Le programme scolaire est complété par toute une série d’activités éducatives, religieuses et culturelles diverses : chant choral, musique, leçons d’étiquette, diction,
gymnastique, couture, Jeunesse étudiante catholique, Croisade du « Bon parler français », « Congrégation des enfants de Marie », Club littéraire, théâtre, cinéma. Nous
sommes autorisées à écouter les émissions de Radio Collège de Radio-Canada durant
les séances de couture. Nous avons ainsi eu droit, en même temps que nous tricotions
nos chaussettes, à des séries d’émissions sur l’histoire de la musique, de la littérature,
de la philosophie. Pour nous, c’était la grande Culture qui arrivait jusque dans notre
pensionnat de village.
La plupart des élèves étudient le piano, moyennant un supplément financier. Les
répétitions ont lieu durant les heures de classe. Il y a des pianos partout : au parloir,
dans les « salles de cours », et six dans la salle de musique où la répétition a lieu dans la
cacophonie la plus totale. Seules celles qui obtiennent de jouer au parloir sont un peu
plus tranquilles. Mais des oreilles écoutent, à la chapelle au-dessus, pour vérifier qu’on
joue bien les pièces prescrites et non pas les airs de chansons populaires françaises ou
américaines que nous aimons.
Au pensionnat de Vaudreuil, l’anglais est enseigné très sérieusement. Nous avons
une religieuse spécialisée dans l’enseignement de l’anglais; Sœur Ann-Julia est américaine et ne nous parle qu’en anglais. Elle est très exigeante et elle a institué « les
mardis en anglais » : tout doit se faire en anglais : le ménage, les repas au réfectoire,
les récréations et même quelques prières.
Le programme est chargé et nous sommes abreuvées de devoirs et de leçons.
Durant les semaines qui précèdent les « examens universitaires » de mai, on nous impose une heure supplémentaire d’étude après le souper. Au menu : versions et thèmes
latins, exercices de grammaire, d’algèbre, de géométrie, et mémorisation des leçons.

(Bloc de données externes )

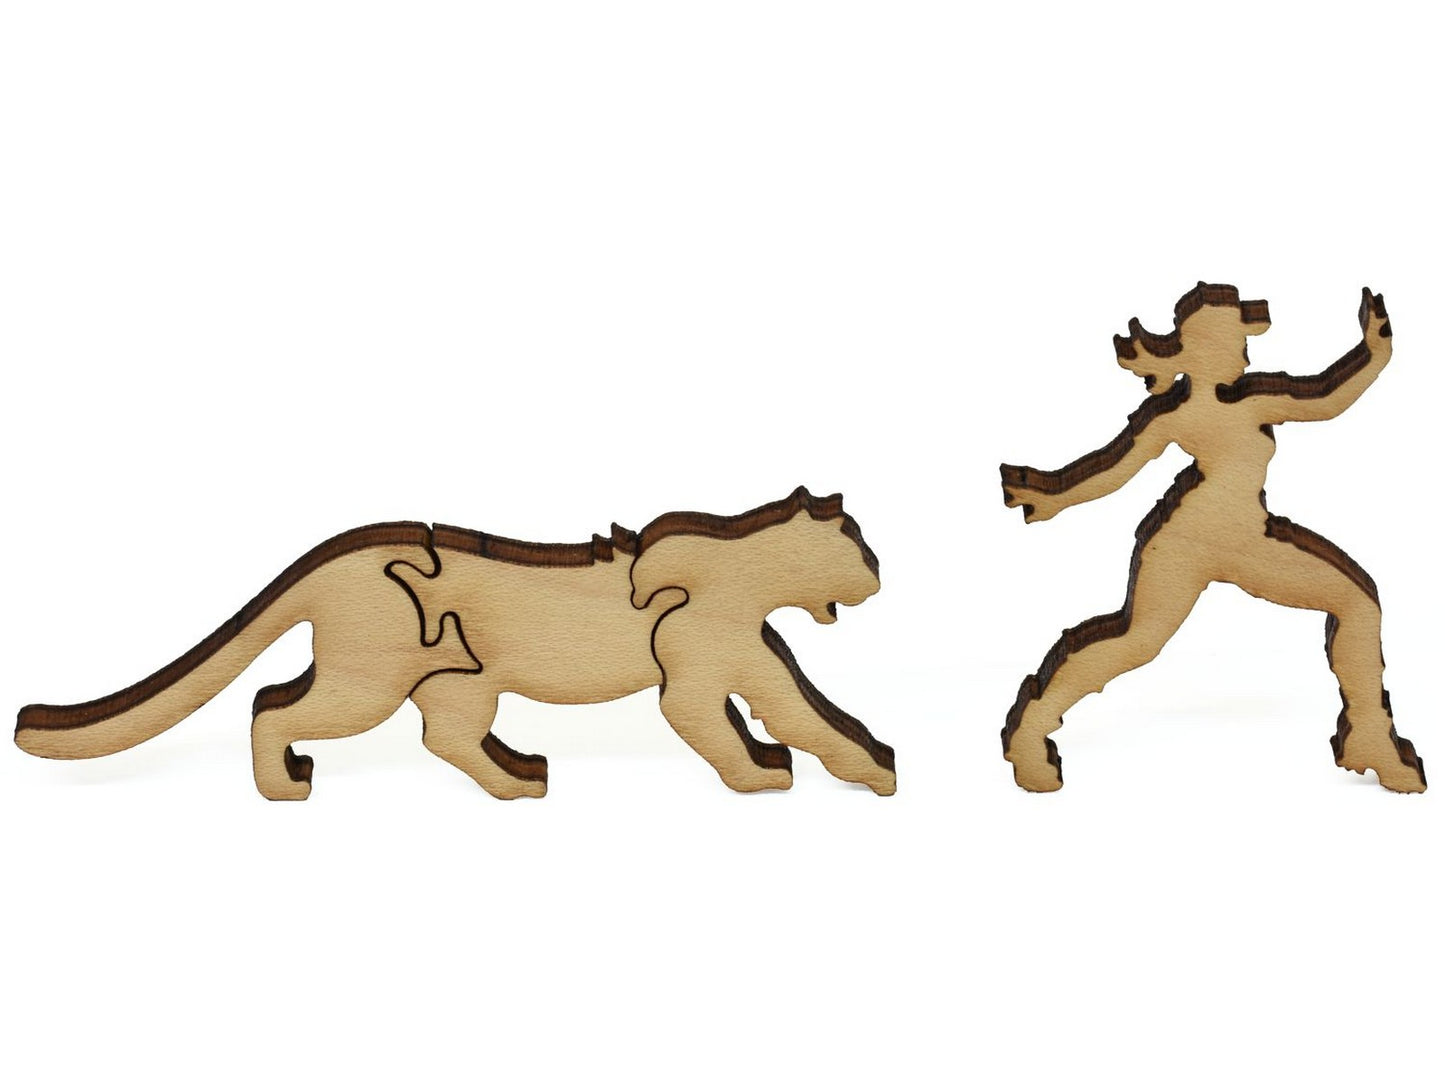 A closeup of pieces showing a hiker and a mountain lion.

In bello Gallico de César a beau être un chef d’œuvre de la littérature universelle, nous
n’en saurons rien car les brefs textes qu’on nous présente n’ont aucun sens, ignorantes
que nous sommes du contexte où ils ont été écrits. Inutile de dire qu’on ne rencontre
aucun auteur licencieux. Tout est soigneusement épuré. Le latin, pour moi, est un
pensum perpétuel.
L’histoire universelle s’étudie dans des manuels français, non pas ceux de l’école
laïque républicaine, mais ceux de l’école séparée : la série Arquilières. Nous apprenons
une version très spéciale des Croisades, de Jeanne d’Arc, de l’abolition de l’Édit de
Nantes, de l’Europe des Lumières, de la Révolution française et de l’Affaire Dreyfus.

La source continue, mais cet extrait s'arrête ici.